The tests in this study are performed using two snapshots created on a 9.0.1 DB. The master tables namely, T1 and T2, reside on another 9.0.1 DB and snapshots on these two tables are of type updateable. Locks are investigated based on the phases of the refresh. During the tests dbms_mview.refresh('T1,T2') procedure is traced for the locks.Dbms_refresh.refresh could also be utilized but dbms_mview.refresh is more flexible as it permits specifying atomic_refresh, and the type of the refresh.

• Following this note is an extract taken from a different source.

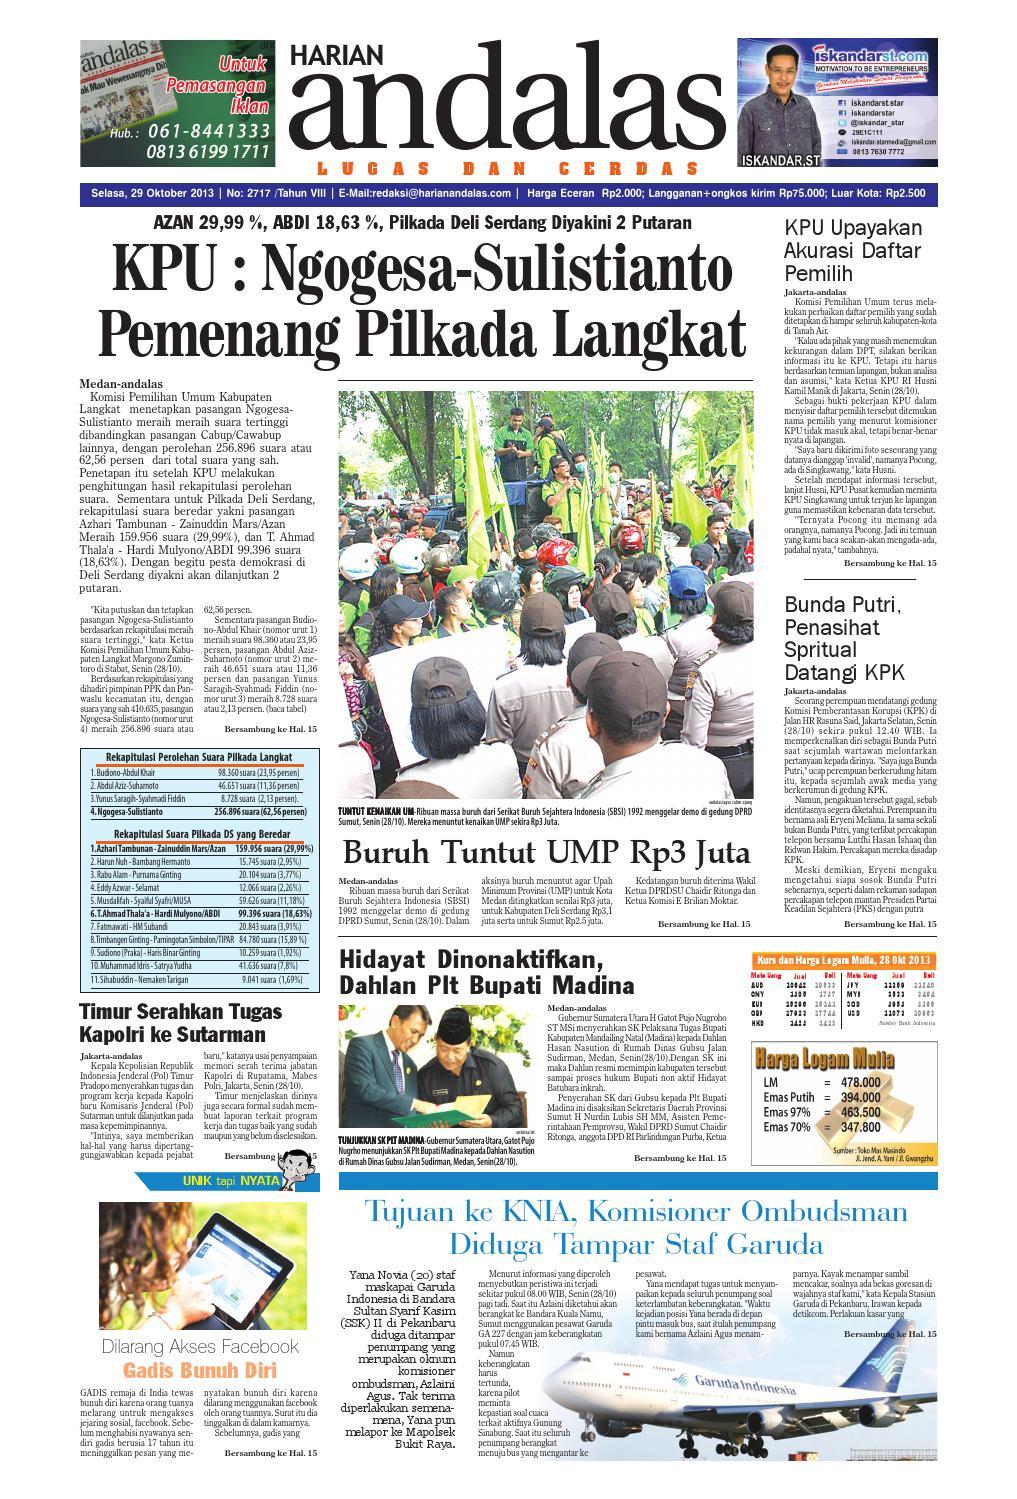 a02427eafb49d Epaper andalas edisi selasa 29 oktober 2013 by media andalas - issuu

The difference between the two from the locking perspective is that:
- dbms_refresh temporarily locks rgroup$. This lock is later released inside dbms_snapshot.refresh that commits the current transaction before starting its work.
This article is intended for DBA's and support analysts who are familiar with distributed materialized view concepts.
The information in this article is specific to distributed materialized views. While much of the information is applicable to local materialized views, there may be differences in locking and performance expectations for local materialized views.
'Materialized view' and 'Snapshot' are synonymous as of 8i.